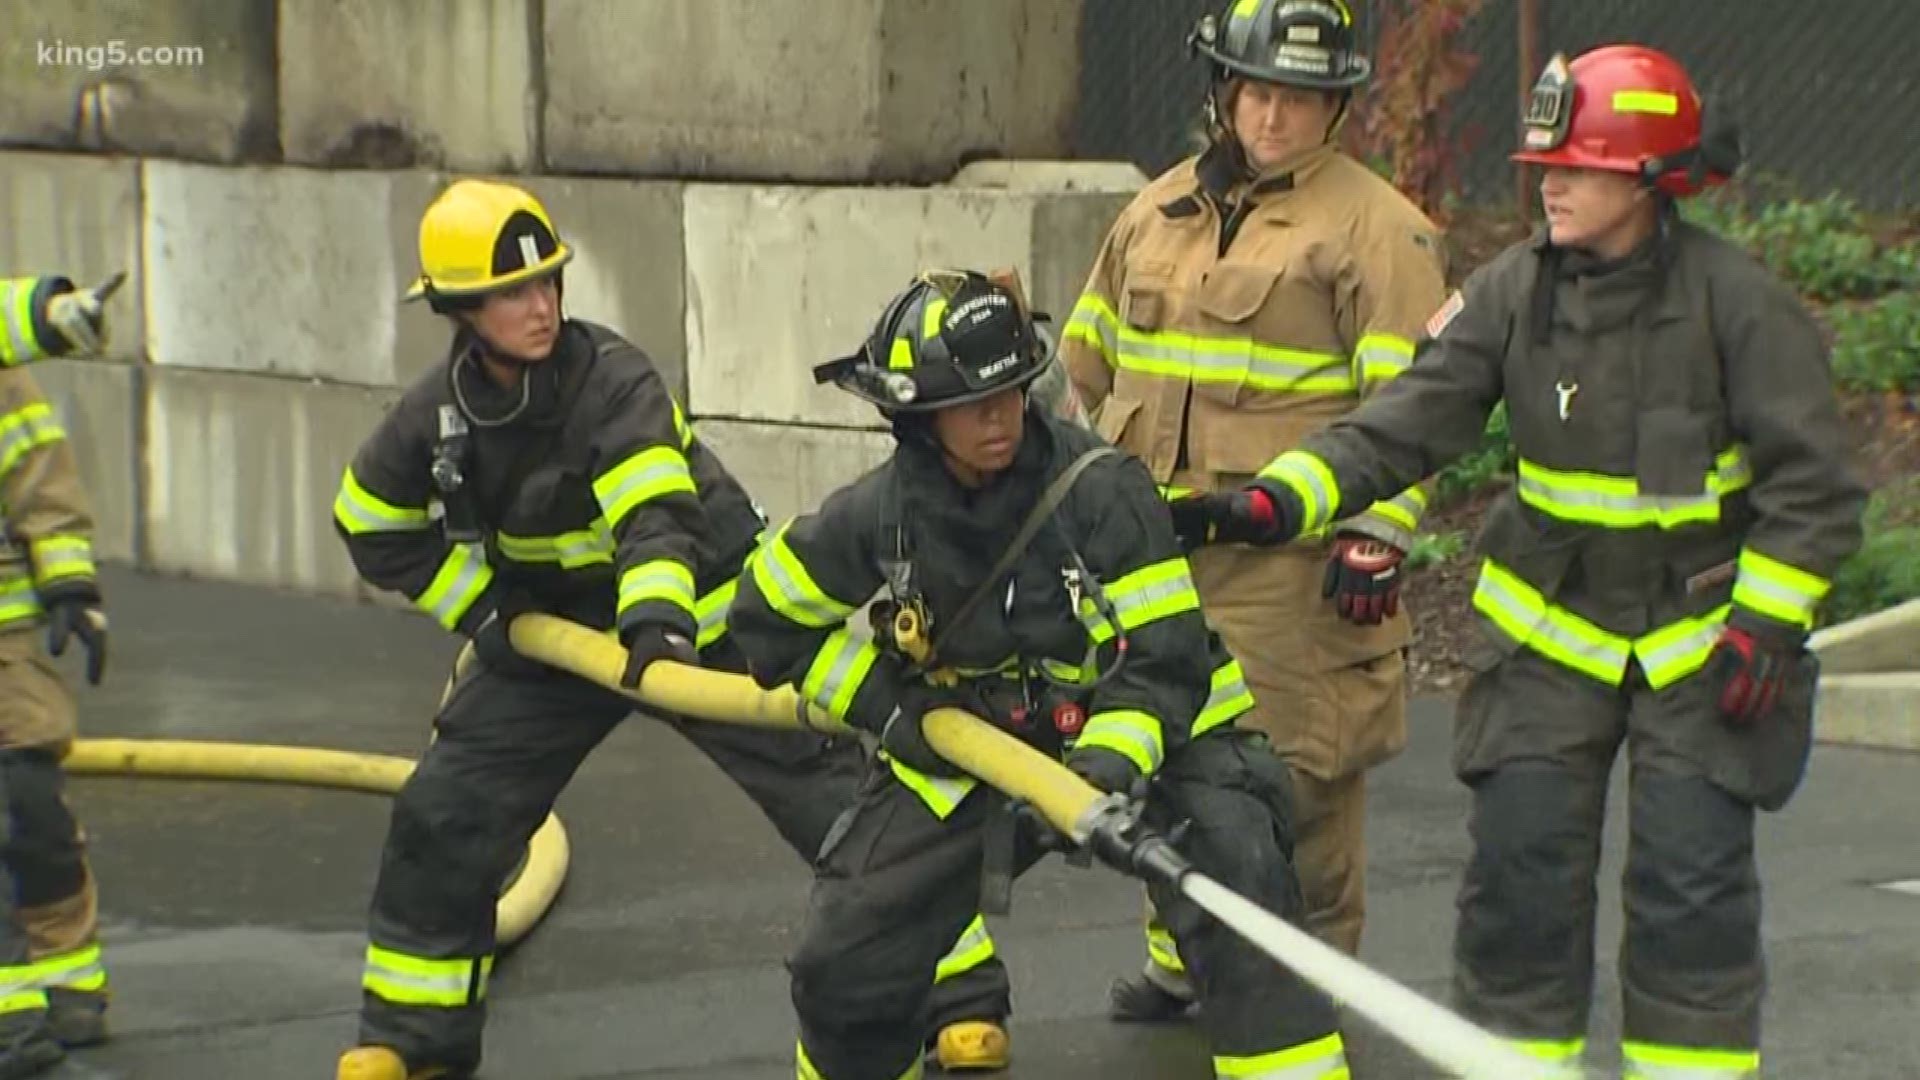 Female firefighters gathered Sunday to network and train with other women. KING 5's Amy Moreno reports.
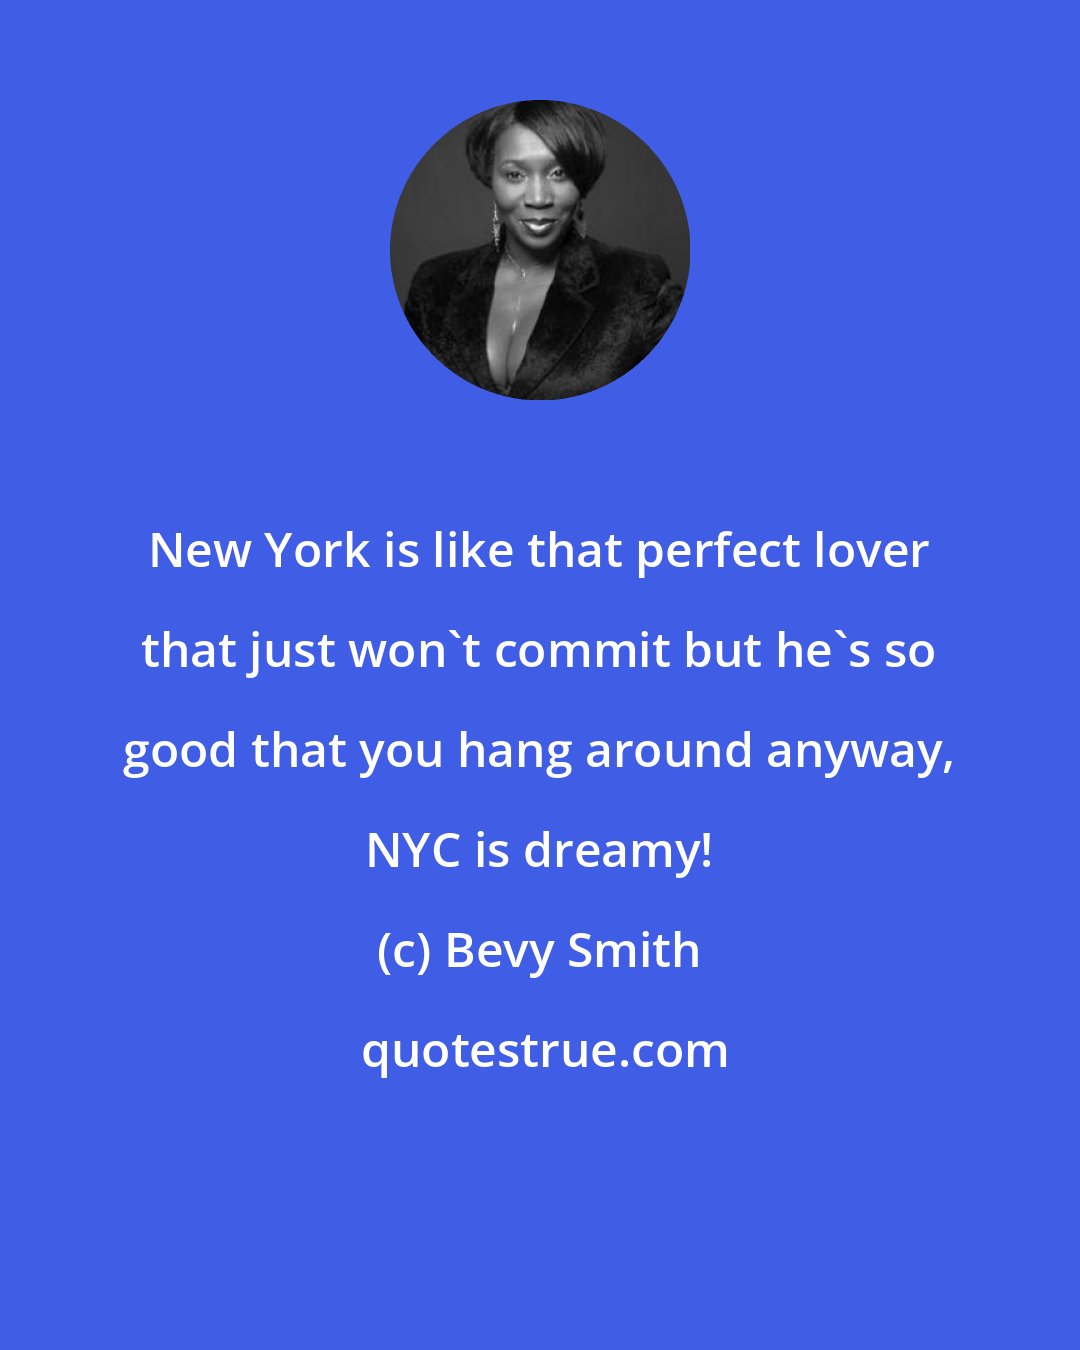 Bevy Smith: New York is like that perfect lover that just won't commit but he's so good that you hang around anyway, NYC is dreamy!
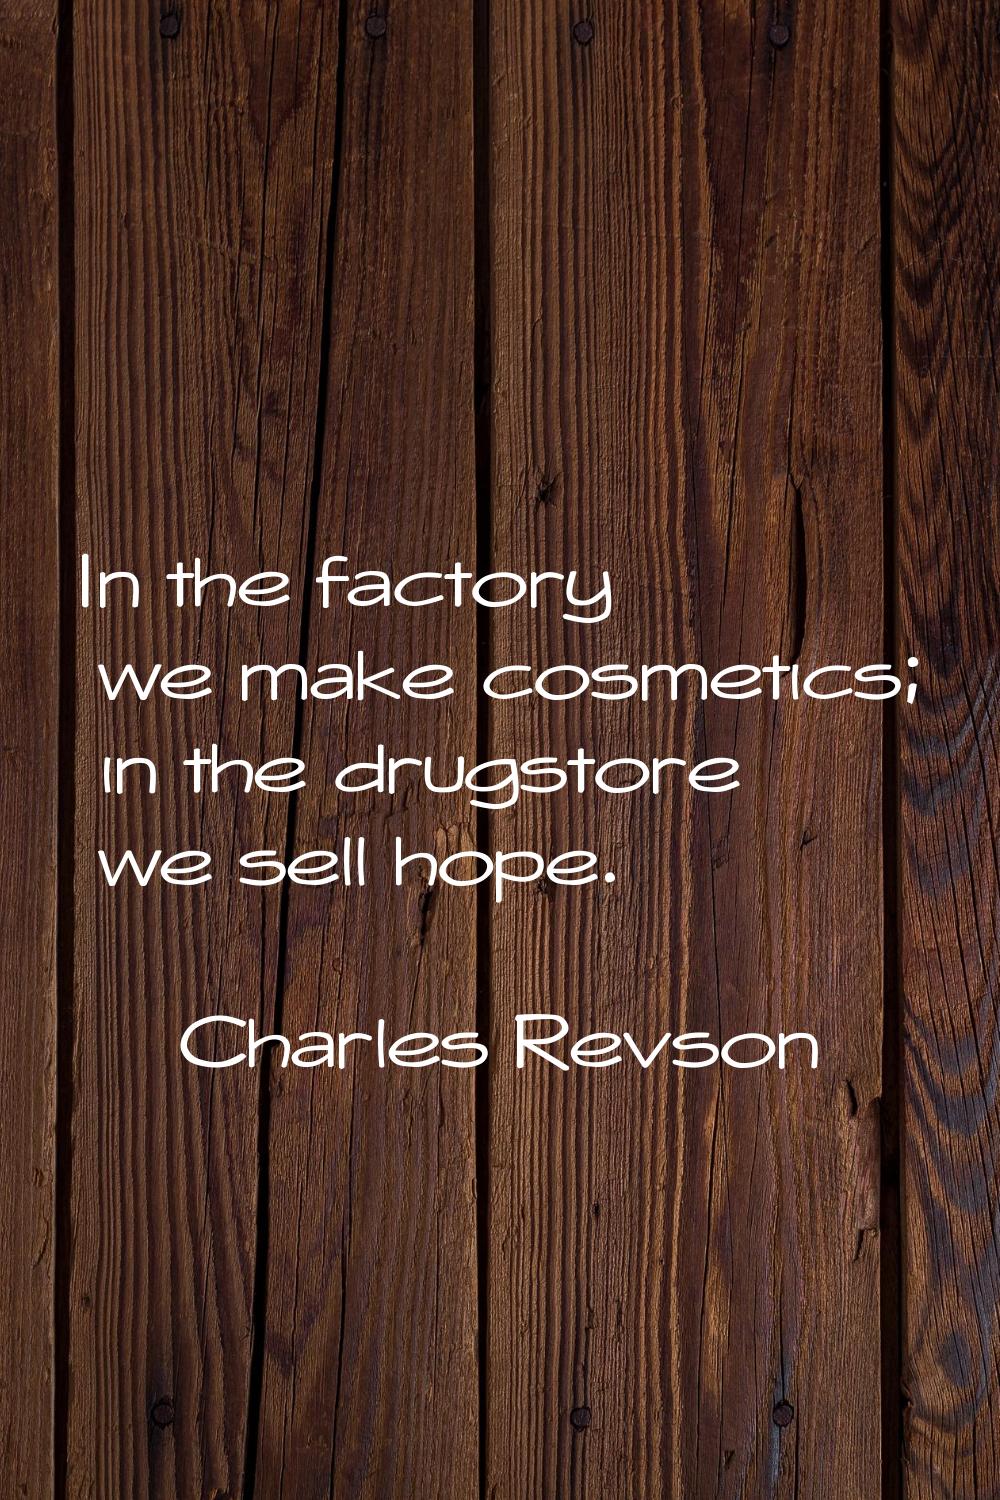 In the factory we make cosmetics; in the drugstore we sell hope.

# # #

WHAT THE TASK ASKS: Reproduce the lines of the data that run from the one containing "Bevy Smith: New" to the final line, both included, exactly as they appear and without the pictures.

RESPONSE TO THIS EXERCISE:
 Bevy Smith: New York is like that perfect lover that just won't commit but he's so good that you hang around anyway, NYC is dreamy!
 In the factory we make cosmetics; in the drugstore we sell hope.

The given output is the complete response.